O nº de variáveis interdependentes (ocultas) em ‘sistemas complexos’ é enorme – e,  decerto – conhecemos apenas uma pequena parte delas… Entretanto – a Física Teórica… e a Matemática, em especial, têm feito grandes progressos na área… Assim, torna-se possível que… – a partir da maior compreensão dessa dinâmica, possamos ter um maior controle… e, previsibilidade sobre esses sistemas.

Por meio da computação gráfica, os famosos fractais’, que nada mais são que representações gráficas de equações com variáveis sensíveis às condições iniciais, já       nos proporcionam enormes avanços nas mais diversas direções. 

O ‘modo caótico’ da mecânica quântica

O final do século XIX e início do XX foram pródigos em turbulências científicas – não só o Caos…mas o advento da mecânica quântica também abalou os pilares científicos. A sua história por sinal…é atribulada, cheia de sobressaltos, estranhas conjecturas, acidentes em laboratórios e muitos equívocos, contudo, é considerada hoje uma teoria tão bem fundada quanto a clássica…dispondo de alta ‘precisão experimental’, apesar de acalorados debates sobre sua consistência, e interpretação de seus resultados.

Duas décadas e meia após a hipótese de Planck – daquantização de  radiação’, Schrödinger – conforme princípios da analogia ótico-mecânica, e dasondas de matéria’ de De Broglie, deduz então, a equação que leva seu nome; e, domina a dinâmica do mundo microscópico.

A aliança da ‘equação de ondas materiais com as ideias de Bohr… Pauli… Dirac,  Heisenberg, e outros, estabelece – por fim… a mecânica quântica – como a conhecemos hoje… 

Agora sim… o ‘determinismo newtoniano’ foi por “água abaixo”… — dando lugar ao ‘indeterminismo quântico’…a dinâmica governada por ondas de probabilidades.

Com a mecânica quântica abolindo o conceito clássico de trajetória, é natural perguntar como associar o caos aos sistemas sob o domínio do mundo microscópico. E a resposta está presente no que conhecemos como ‘caos quântico‘…termo criado para designar o conjunto de métodos e teorias que lidam com o ‘modo caótico’ da mecânica quântica.

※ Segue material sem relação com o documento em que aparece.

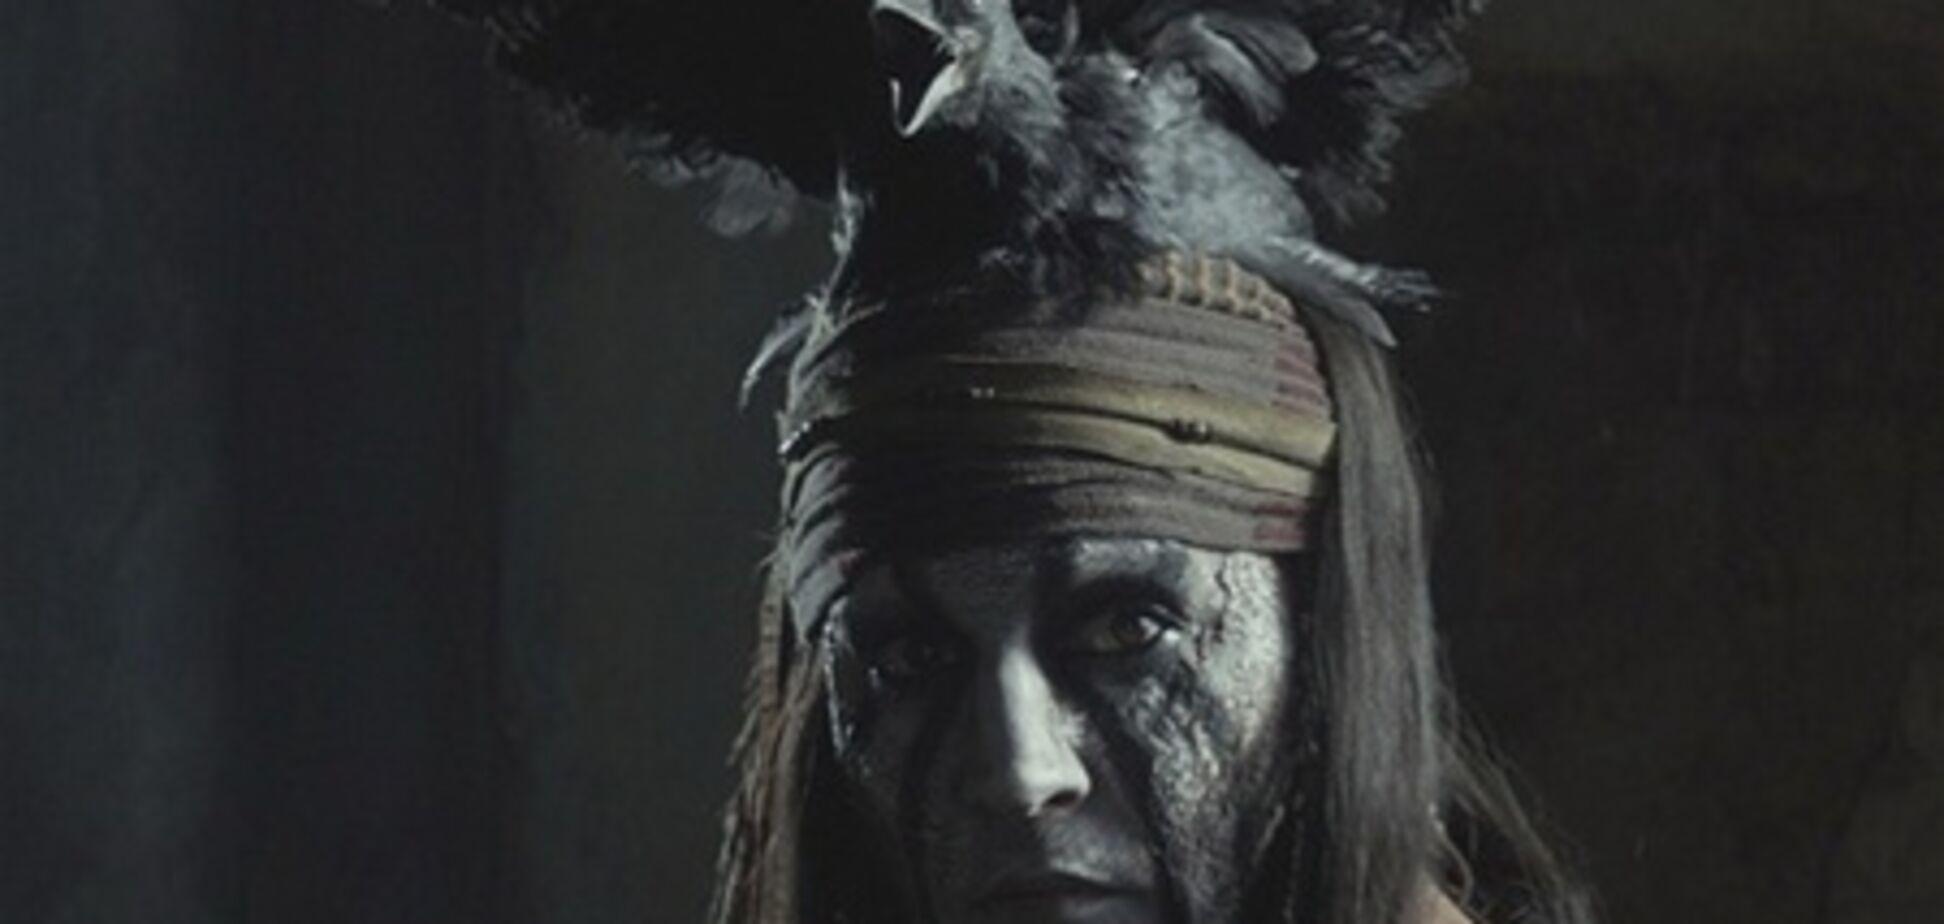 Джонни Депп в образе индейца Тонто: новые кадры

Esta nova ciência possui entre suas ferramentas a ‘teoria semiclássica‘… que associa as estruturas geométricas no espaço de fase com o aspecto probabilístico do mundo quântico; além de um dos mais importantes e antigos elementos de ligação entre sistemas clássico e quântico (sejam eles caóticos ou não)…o ‘princípio da correspondência‘ de Bohr – que diz  que – sob certas circunstâncias…os sistemas microscópicos se comportam como clássicos.

Atualmente se estuda teórica e experimentalmente, a influência que exerce o ambiente externo sobre um sistema quântico – levando-o, gradualmente, a se comportar de modo clássico — este efeito é a decoerência quântica.

O Império do Caos                                                                                                                     É  no ‘limiar do caos’… com liberdade suficiente para criar, e estrutura suficiente para não desmoronar, que os sistemas mostram sua melhor produtividade” (Ilya Prigogine)

caos quântico, hoje em dia,  tornou-se fonte de respostas, e também de controvérsias, em diversas áreas  –  da física nuclear, à teoria dos nºs primos, passando, inclusive, pela epistemologia conceitual da mecânica quântica.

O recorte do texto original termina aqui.